All traders will use forex charts at some point in their trading whether their primary analysis method is technical or fundamental. When you look at the forex charts you have to consider how they can be used on the volatile market. Volatile markets are the markets that most traders look at trading. These markets will affect the forex charts and what you see on them.
The Different Types of Forex Charts
There are many different types of forex charts and the ones you use depend on what you need. The most commonly used chart is the candlestick chart because of the amount of information it provides. Other chart types include dot charts, line charts and bar charts. Some of the charts are simpler and offer less information than others. However, some of these charts offer a faster view of a certain aspect of the market.
It is important that you know what you need to get from the charts when you choose which type you use. If you are looking to trade off the charts you may want to consider the candlestick chart because you get opening and closing information as well as the price. However, if you are looking for long-term price movement then you can consider the line chart.

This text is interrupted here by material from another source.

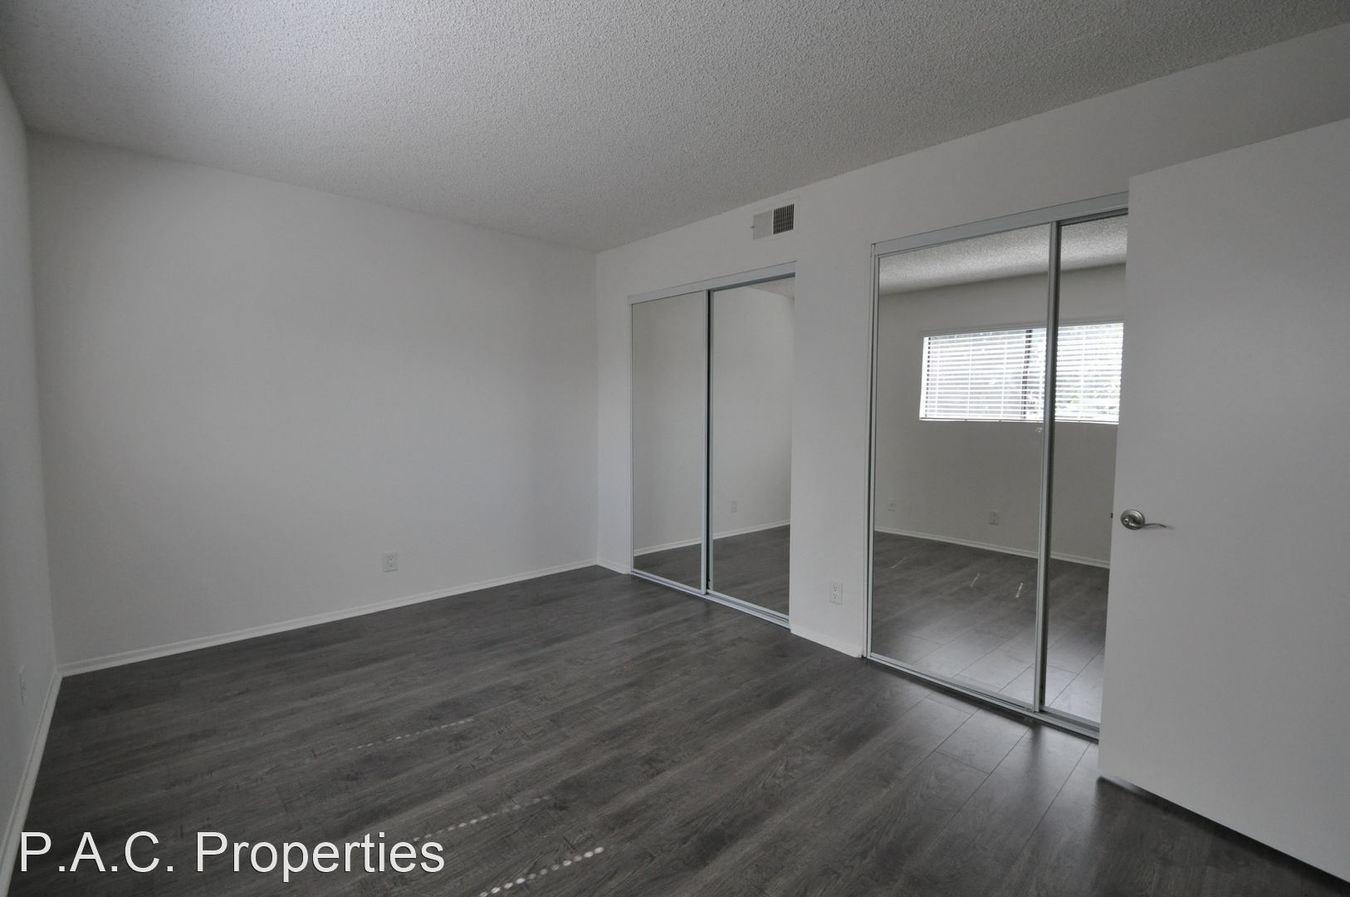 1 Bedroom 1 Bathroom Apartment for rent at 12255 Burbank Blvd in Valley Village, CA

The Impact of Market Volatility
Charts are able to give you insight into market volatility. A rule of thumb is that when the market is volatile the prices will fluctuate more. This means that you will be able to see trends in the market prices which are generally not found otherwise. There are other ways to determine market volatility, but charts are considered the best. Other ways of determining market volatility include looking at the market sessions. There are certain times of day when there are more traders on the market. When there are more traders the market becomes more volatile. However, this is not an accurate determination as there are times when the market does not become volatile.
Problems in Volatile Markets
There are certain issues that traders come across when the market is volatile. There are three which are considered the most common and the most annoying:
- Browser platform mayhem – some traders have found that during volatile markets their trading platforms do not work well. This is more common with retail traders who are using browser based trading platforms. When there are a lot of traders logged into the trading platform it can suffer a crash, much like a website that has too much traffic.
- Execution delays – when the market is volatile there are more traders on it which means great volumes of orders. Retail traders often suffer from poor order execution at these times. This can cause problems with your trading as you lose potential profits or the market turns before your trade is placed. Some forex brokers are more likely to execute poorly and you should look at this when you search for your broker.
- Incorrect quotes – as the price movements change rapidly in volatile markets you could get incorrect quotes. The price that your trade is executed at may not be the same as the quote you are getting. This is due to slow execution and the fast changes in prices.